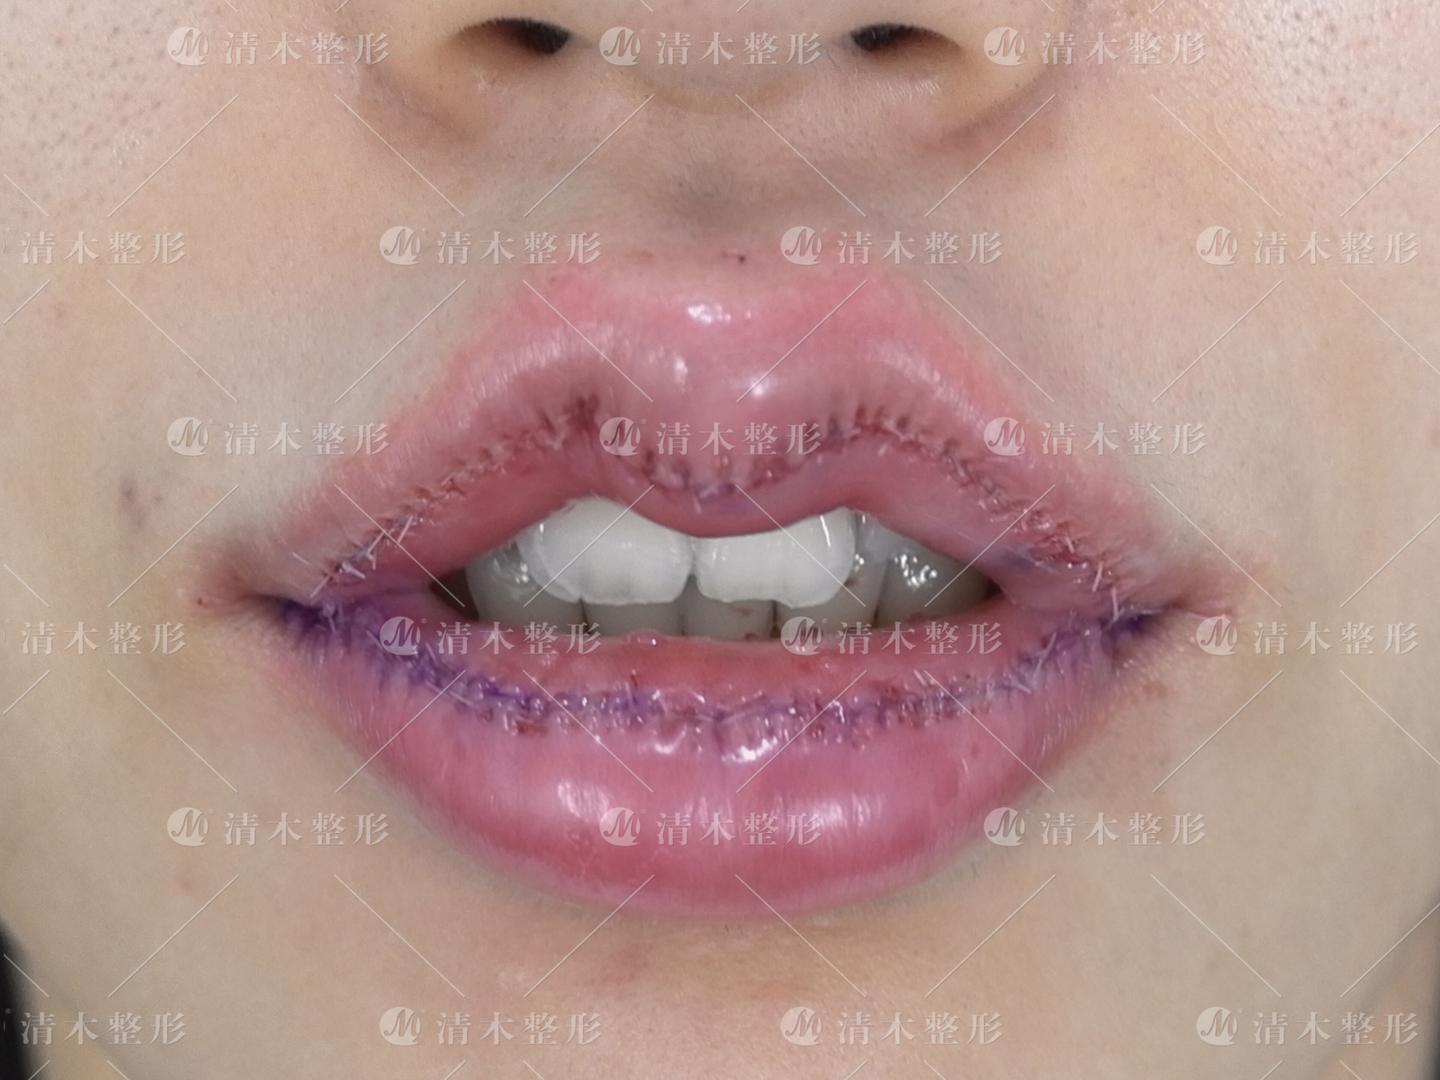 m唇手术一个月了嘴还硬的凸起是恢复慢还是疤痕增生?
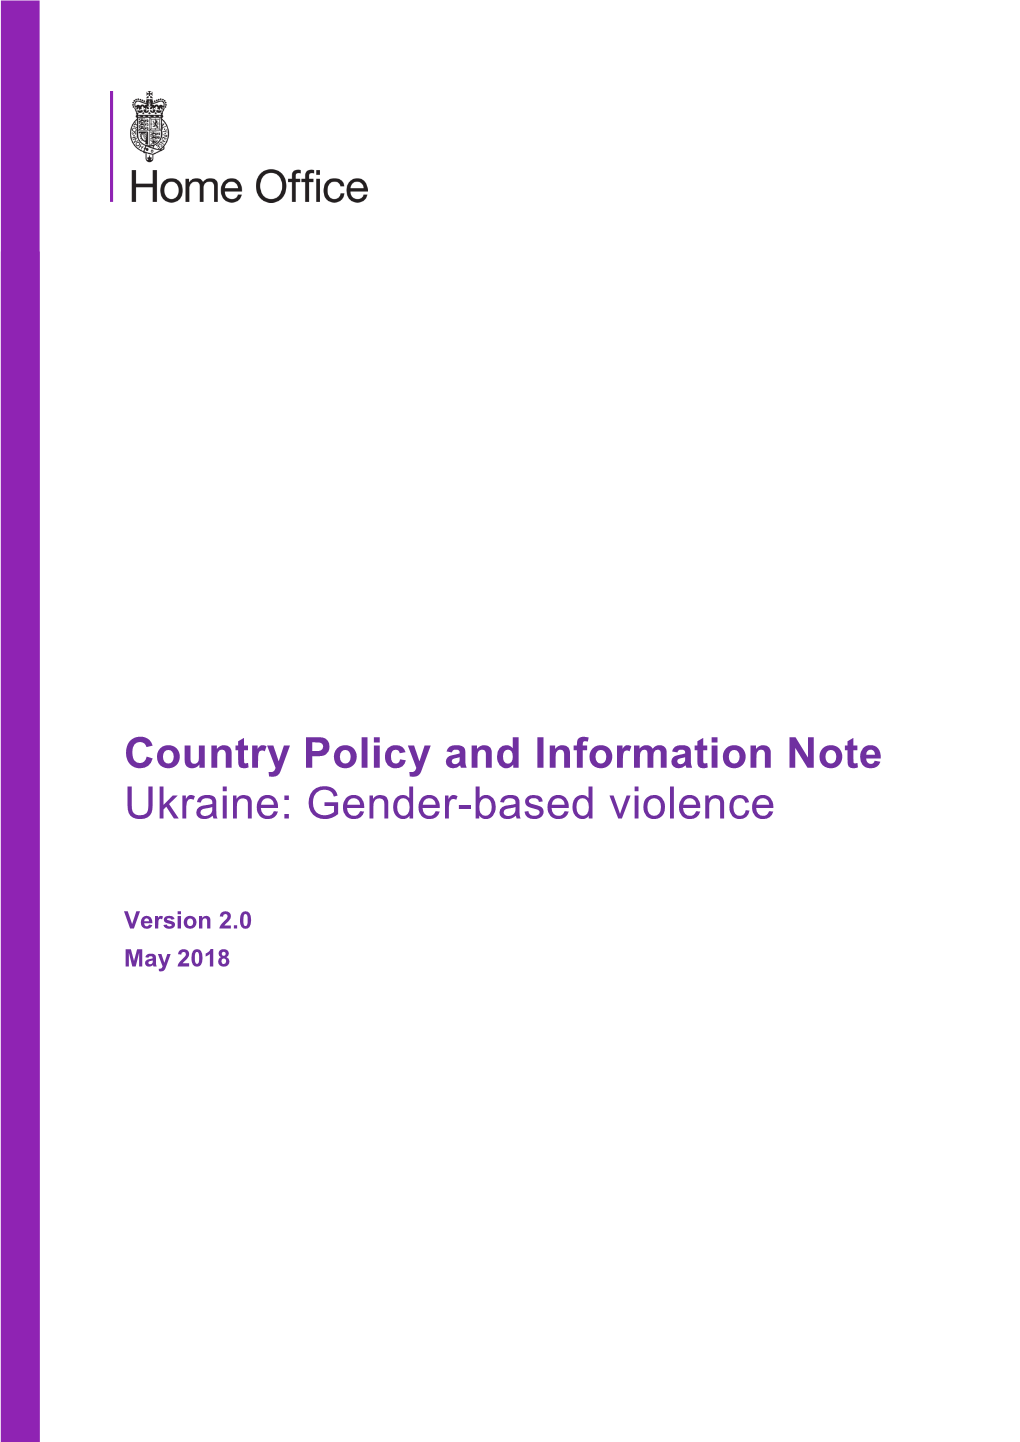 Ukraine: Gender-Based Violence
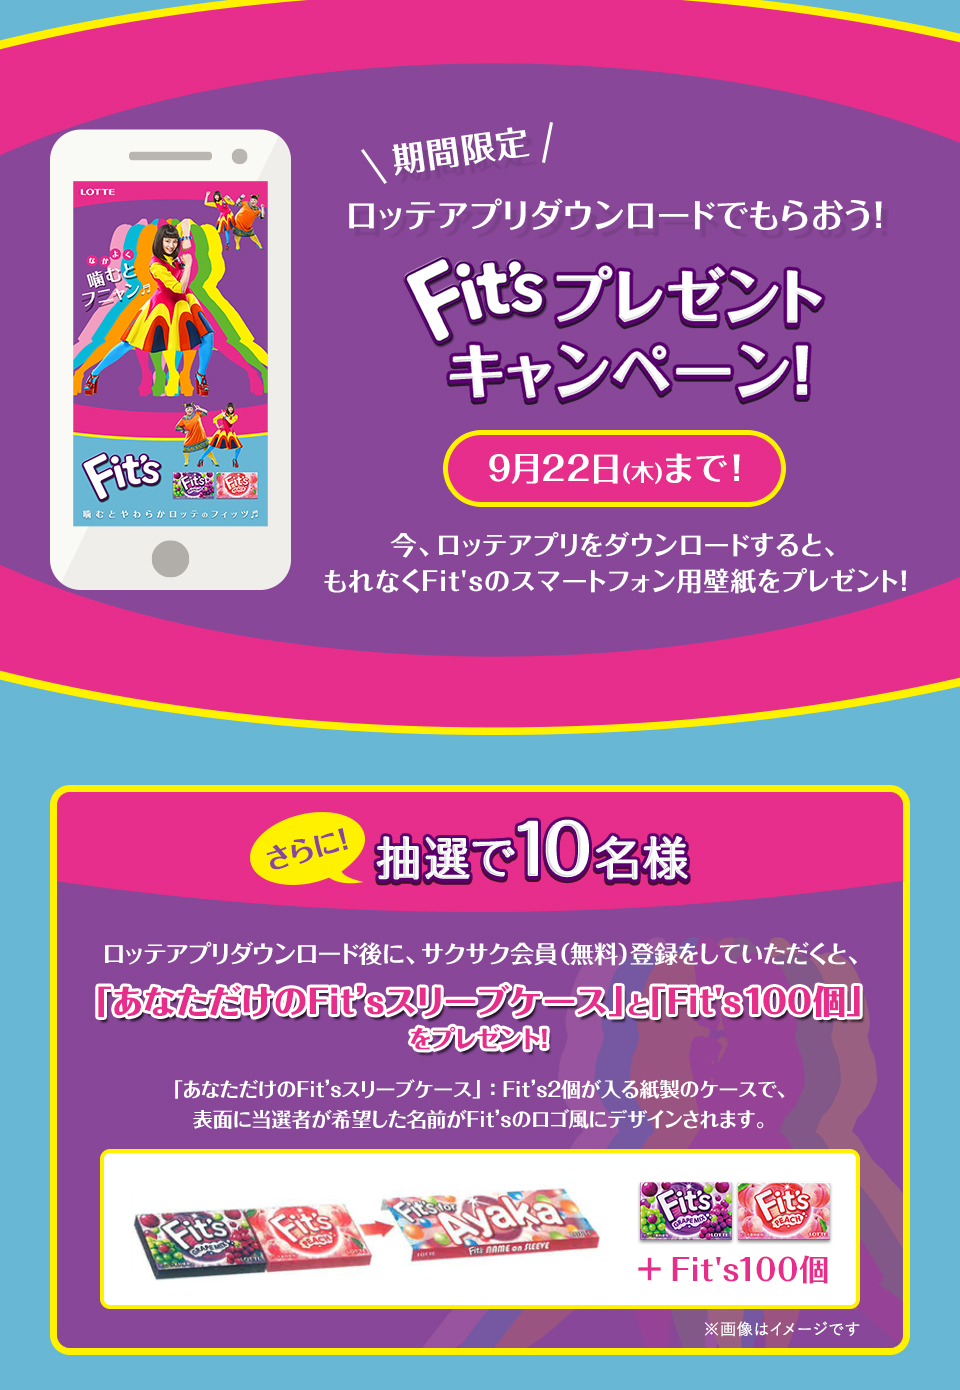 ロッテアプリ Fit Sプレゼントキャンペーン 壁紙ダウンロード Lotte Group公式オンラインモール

Task objective: Write out exactly, and only, the lines from the line holding "Ukraine: Gender-Based Violence" through the end of the data, inclusive, without any pictures.

Exercise answer:
 Ukraine: Gender-Based Violence
 ロッテアプリ Fit Sプレゼントキャンペーン 壁紙ダウンロード Lotte Group公式オンラインモール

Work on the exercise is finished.